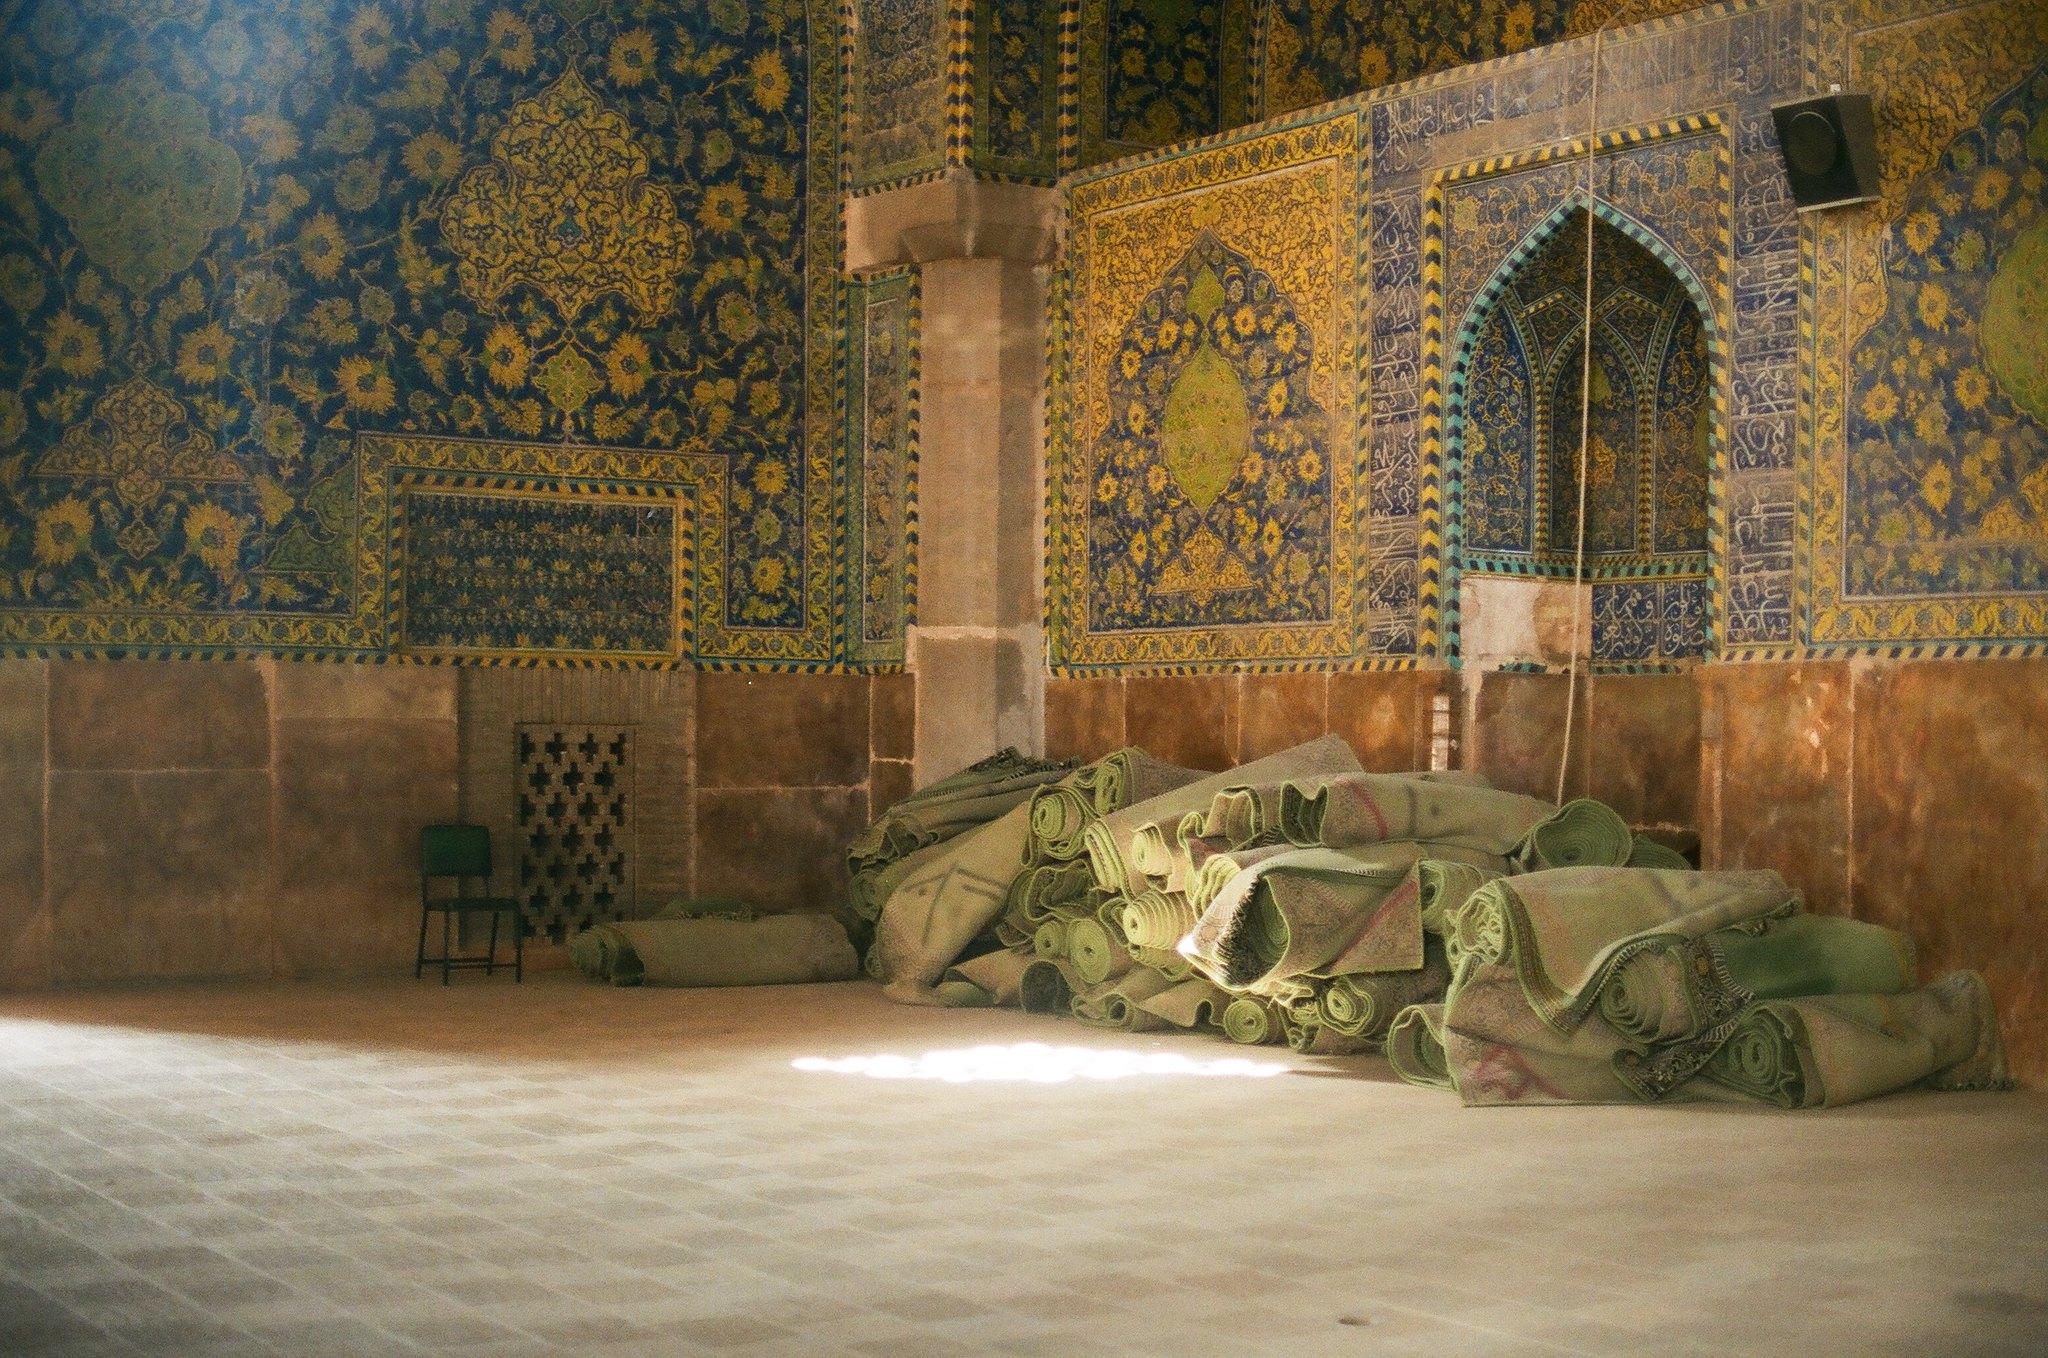 جاذبههای گردشگری اصفهان همراه با عکس و توضیحات
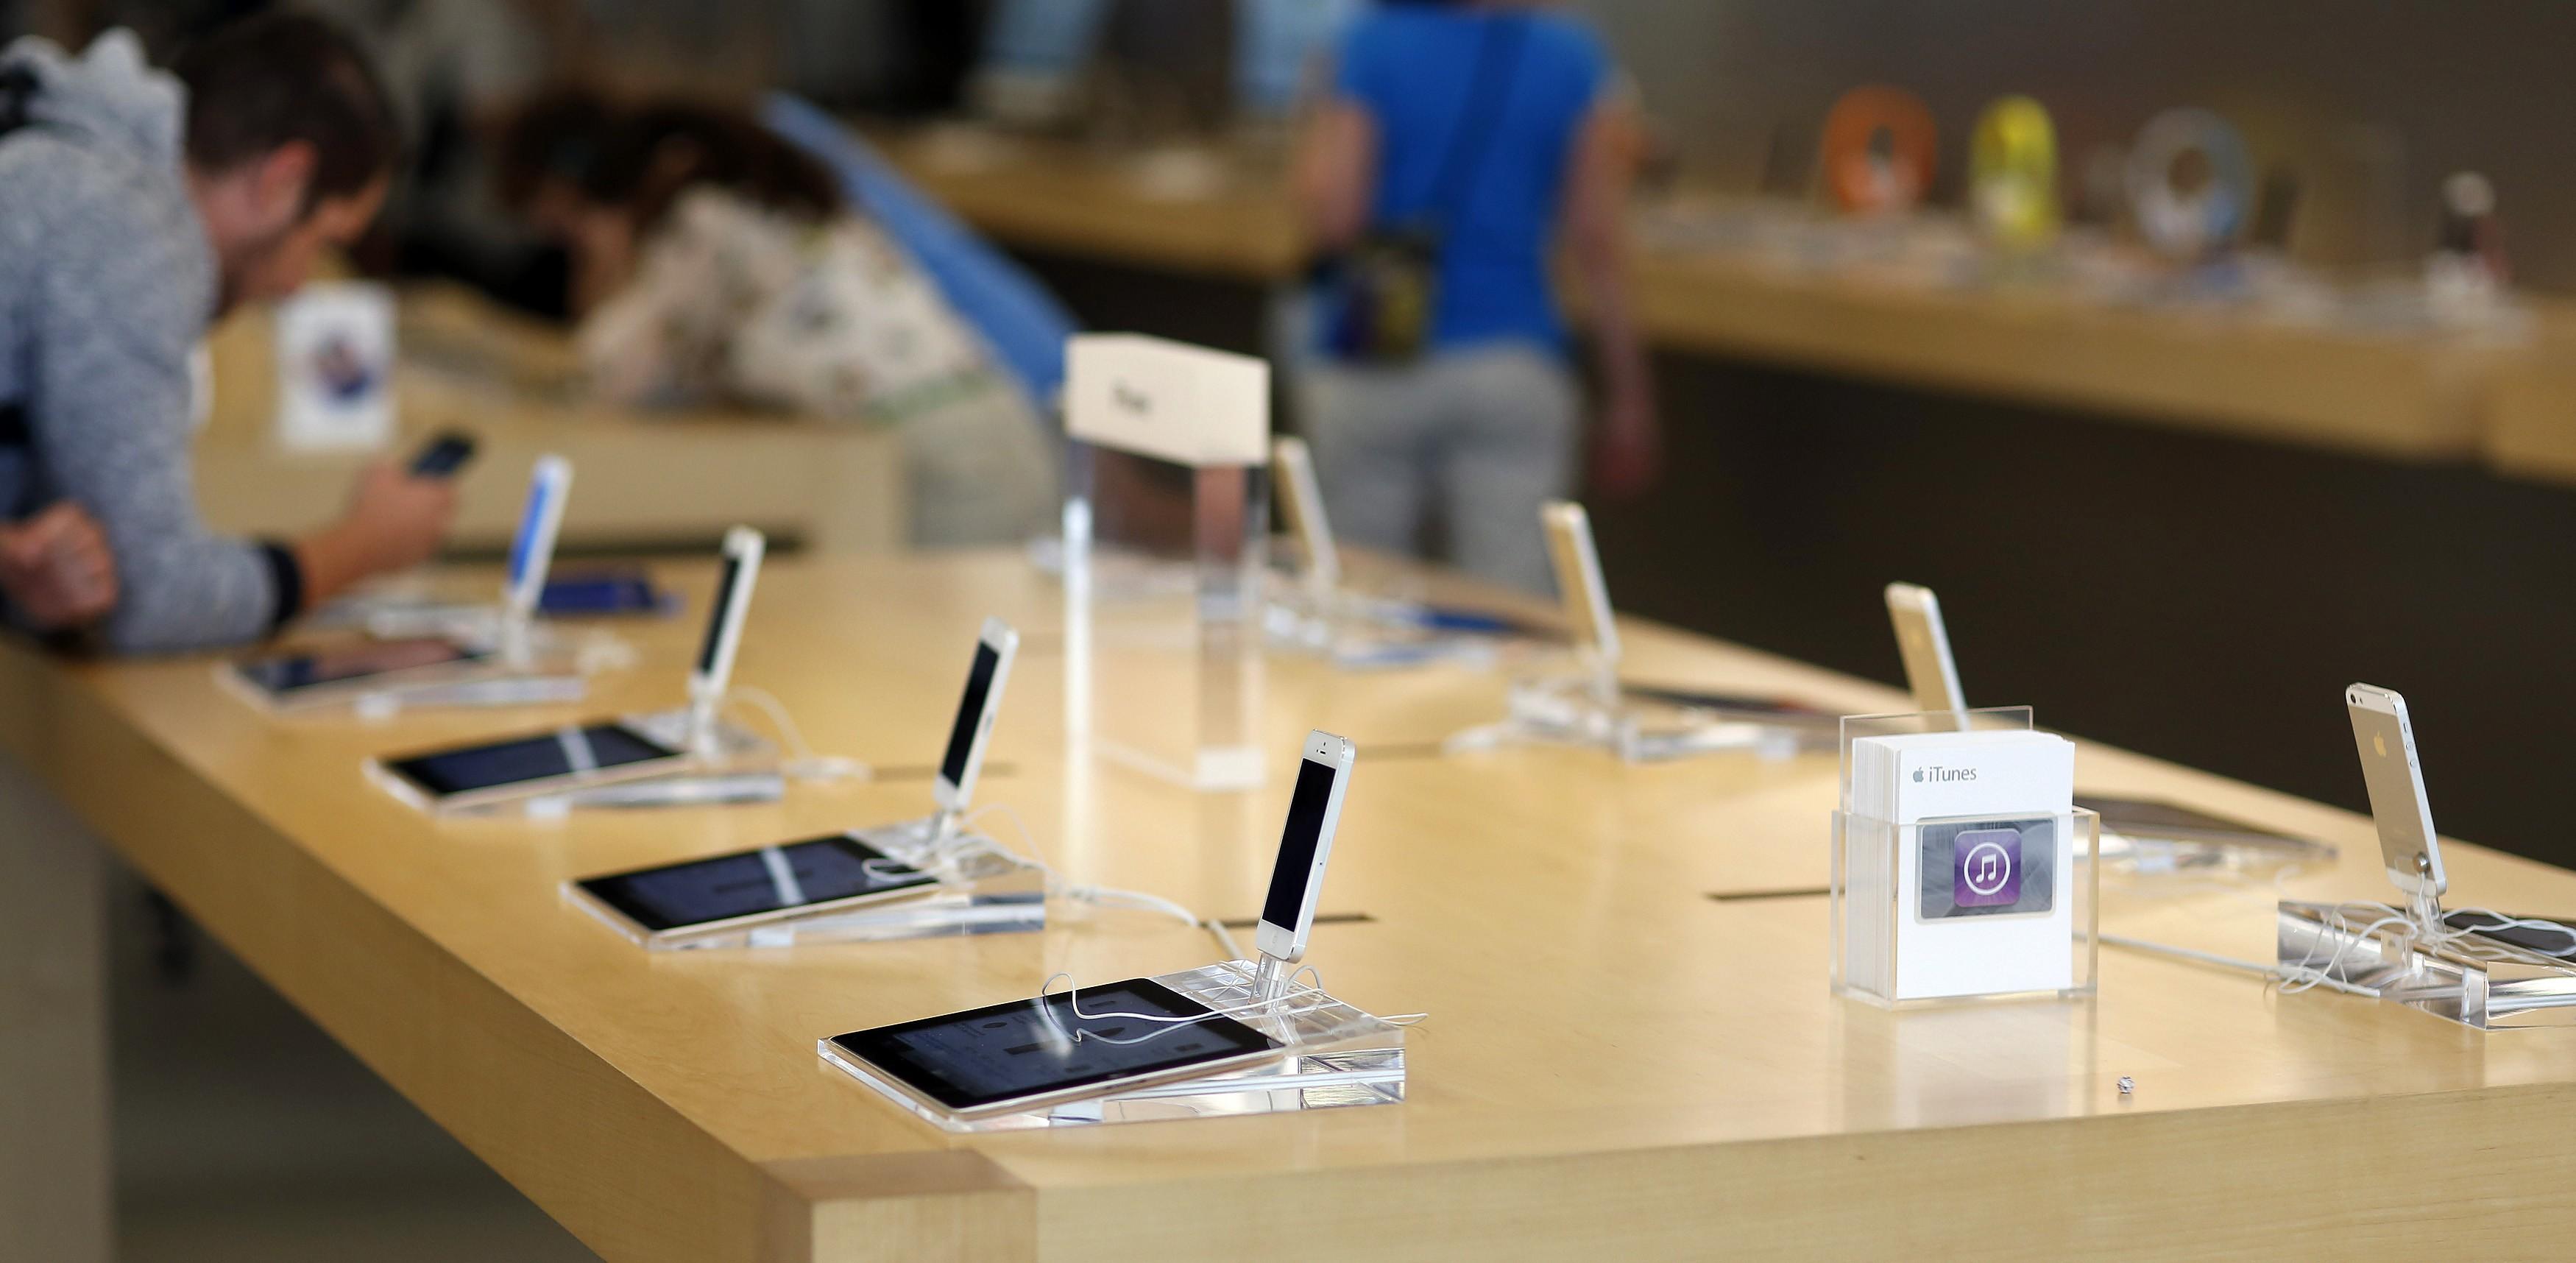 """Svetainė leidžia palyginti """"Apple"""" produktų kainas tarp pasaulio valstybių"""
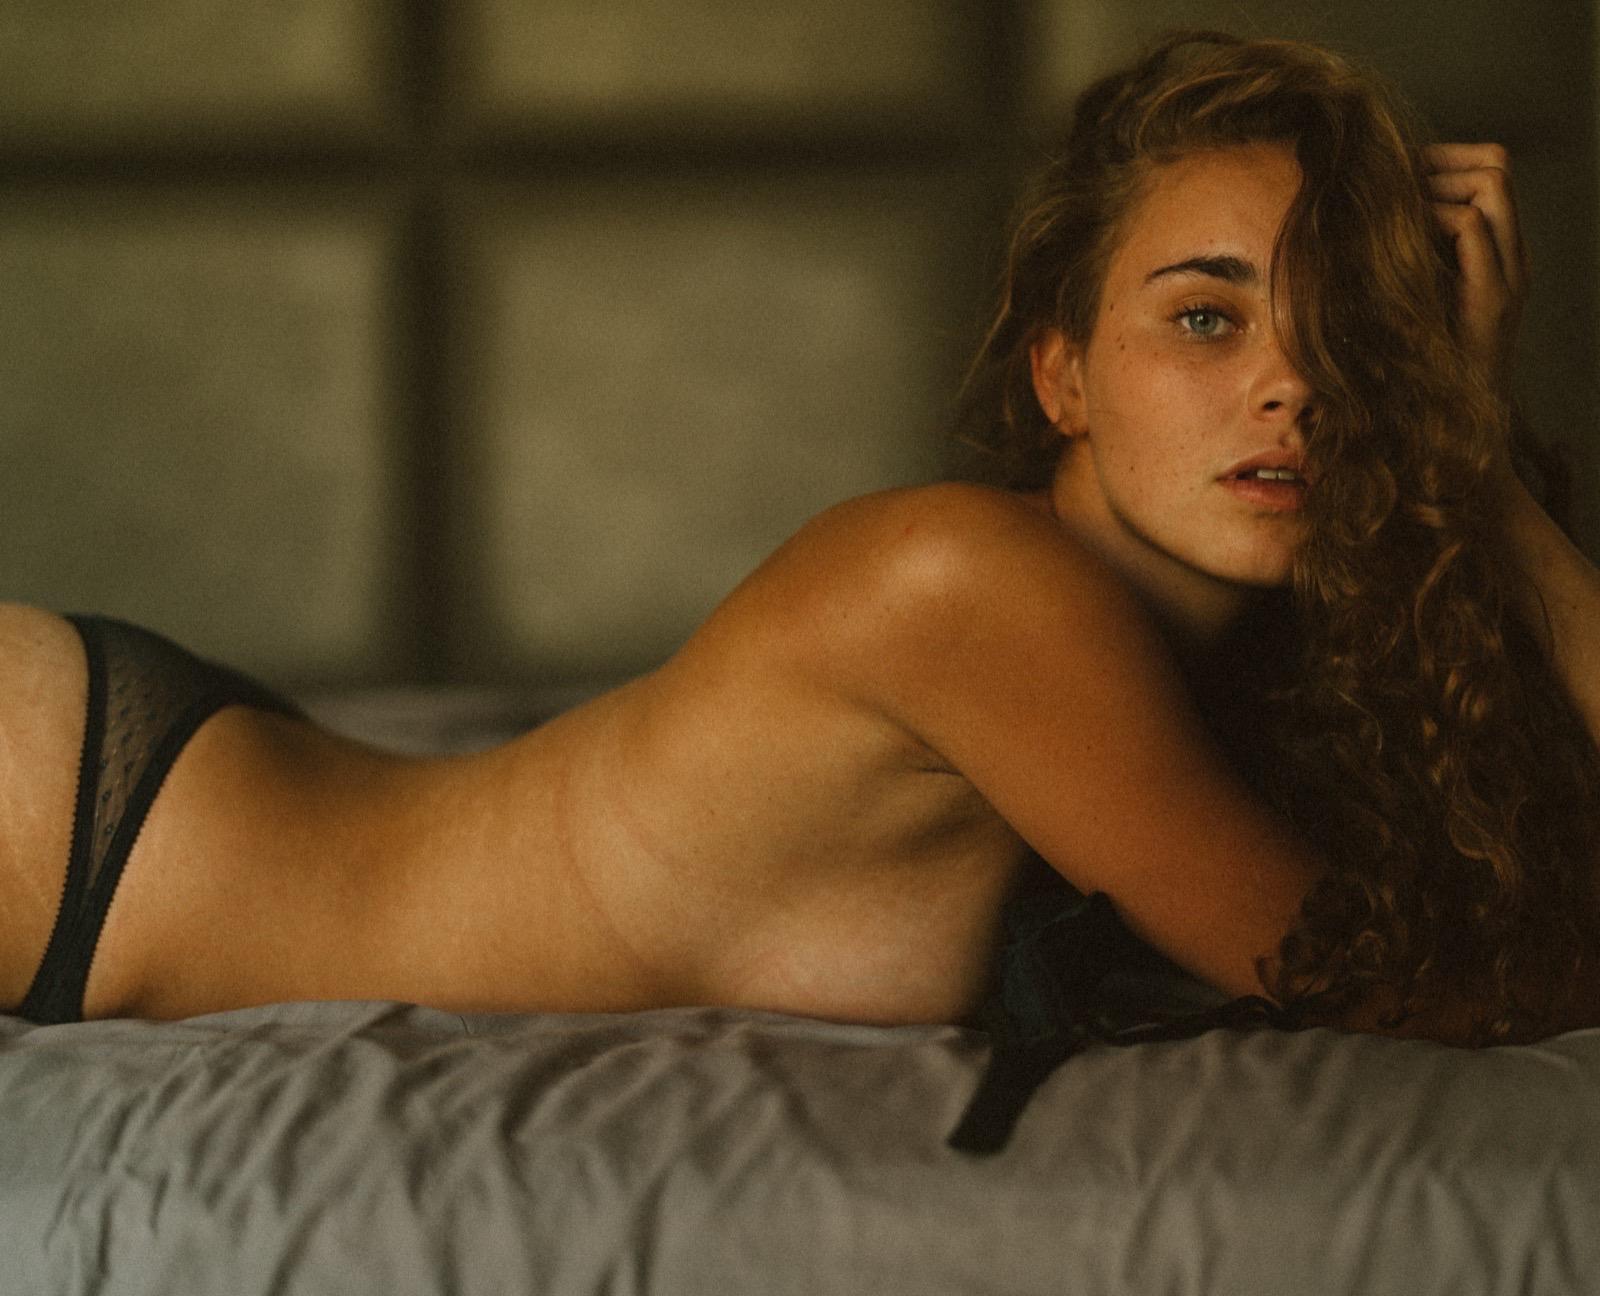 Sex Shanta De Keuning nude photos 2019

Problem details |
Every line above is to be duplicated exactly; no picture should be carried over.

Answer box |
 جاذبههای گردشگری اصفهان همراه با عکس و توضیحات
 """Svetainė leidžia palyginti """"Apple"""" produktų kainas tarp pasaulio valstybių"""
 Sex Shanta De Keuning nude photos 2019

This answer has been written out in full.